A common mistake is to set the idle-speed screw to keep the
carburetor open too far. The low-speed needle must then be
artificially rich to bring the idle down to a reasonable rpm. The
symptoms are similar to a too rich low-speed-mixture setting;
there’s just a delay in the loss of engine rpm. How do you avoid
this? This is also something that becomes easier with experience,
but just continue to reduce the idle speed and lean the mixture
until you know you can’t go any further. Bottom line: adjust the
idle-speed screw to suit the fuel-mixture setting, not the other way
around.
The simplest and most foolproof method to properly set the
low-speed mixture is, again, to do it on the track. Set the
low-speed needle so your car gets the strongest launch after sitting
still for about 10 seconds. The engine should be able to pull
strongly off the line without hesitation. A noticeable hesitation
might be the result of either a rich or a lean low-speed mixture;
knowing the difference takes experience, but look for signs that
help point you in the right direction. How an engine decelerates can
tell you as much as how it accelerates. If the engine spools down
and rpm drops uncharacteristically low, it indicates that the
low-speed-mixture setting is too rich. Or, if the engine takes too
long to reach a steady idle and seems to want to keep revving, that
tells you the low-speed-mixture setting is too lean. It can also
indicate a lean high-speed-mixture setting, but that setting should
have been addressed by properly setting the high-speed mixture
first.
It will take a little
time to get it right. If you make small adjustments and are patient,
you really can’t do anything wrong. An adjustment you make in the
wrong direction is reflected in engine performance; to correct the
problem, simply go the other way.
CHANGING
FUEL
Changing to a
higher percentage of nitro fuel sounds like an easy method of
developing more horsepower, but it isn’t always that simple. Without
getting into all the particulars of nitro fuel, I’ll just say that
there is a point where you can have too much nitro. Adding up to 10
percent more nitro than is typical produces more power, but you have
to know how to adjust your engine to accommodate the extra nitro.
Fuel-mixture settings need to be slightly richer when nitro content
is increased. Also, you may have to increase head clearance by
adding an extra head shim. The extra fuel introduced into the
combustion chamber increases compression by adding non-compressible
matter; this also increases cylinder pressure during the combustion
process, which may cause detonation.
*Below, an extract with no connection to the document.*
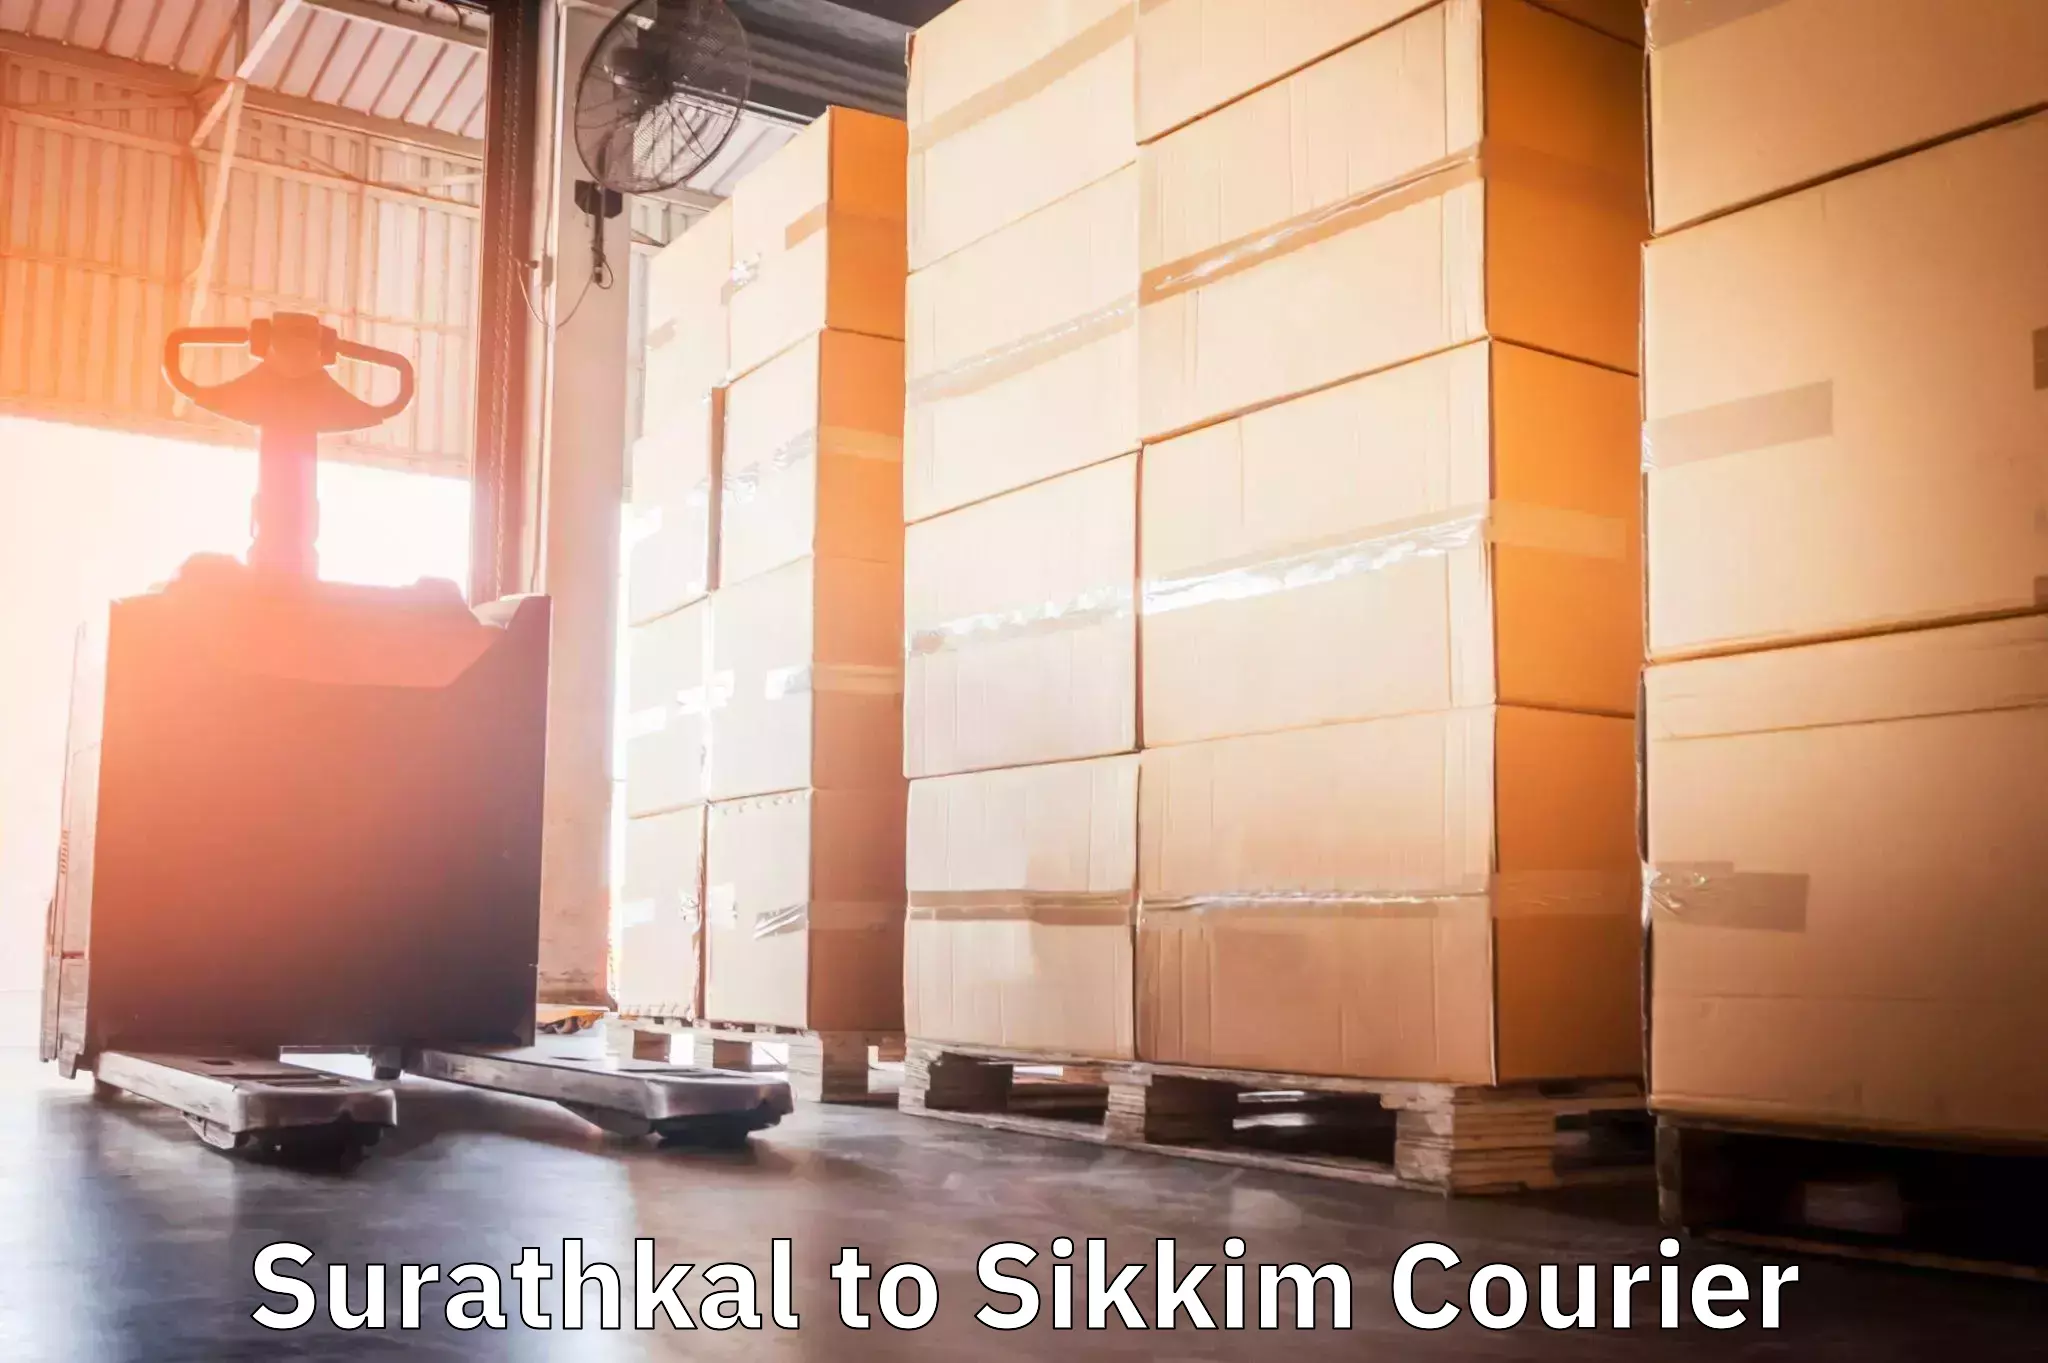 Door-to-door freight service Surathkal to South Sikkim

Detonation occurs when the fuel
explodes instead of burning, and that can cause internal engine
damage. The extra head shim will likely prevent detonation when fuel
with higher nitro content is used.
A final note about fuel: fuel with a lower oil content (for
manufacturers that actually disclose the amount of oil in their
fuels) should be run with a richer mixture setting. This doesn’t so
much relate to performance as it does to the benefit of the engine.
Conversely, fuels with higher oil content have the extra lubrication
that allows a leaner mixture setting with less risk of engine
damage. Fuels with a lower concentration of lubricant are intended
for competition use by experienced engine tuners. These fuels will
make marginally more power because the lubricant that’s removed is
replaced with power-producing nitro and methanol. Evaluate your
tuning ability honestly before you run out to buy fuel with a lower
oil content.
GLOW PLUG
A glow plug’s temperature range is critical to proper performance.
Small-block engines generally use warm to hot glow plugs, while
big-block engines use plugs in the colder range. If you choose a
plug in the wrong temperature range, you could be chasing the tune
of your engine till the sun goes down. Changes of the relative
temperature of the glow plug can be beneficial, however.
A combination of compression, heat and a catalytic reaction
between the platinum in the glow-plug coil and the methanol in the
fuel creates combustion in a nitro engine. Altering the heat range
of your glow plug can alter the timing of the combustion process.
Nitro engines don’t have an ignition system that can be used to
advance or retard combustion timing, but a hotter plug that causes
ignition a little earlier in the combustion process can have the
same effect. “Advancing” the ignition timing can increase overall
power output, especially at higher rpm. There are limits, however,
and installing too hot a plug causes pre-ignition (detonation) and
risks damaging your engine.
It’s a challenge to figure out a glow plug’s temperature range.
Manufacturers don’t use a consistent and universal standard to rate
the temperature ranges of their glow plugs. You will probably know
the temperature of a plug relative to others within a given product
line, but currently, no rating system allows comparisons among
manufacturers. Here again, plain old experience with a variety of
glow plugs will help you to know which are best for the effect you
want.
“Reading” the glow plug is a tuning technique advanced by Ron
Paris. It suggests that looking at the glow plug tells you something
about how your engine is running. The element in a glow plug will
turn gray in an engine that is close to the optimum fuel mixture.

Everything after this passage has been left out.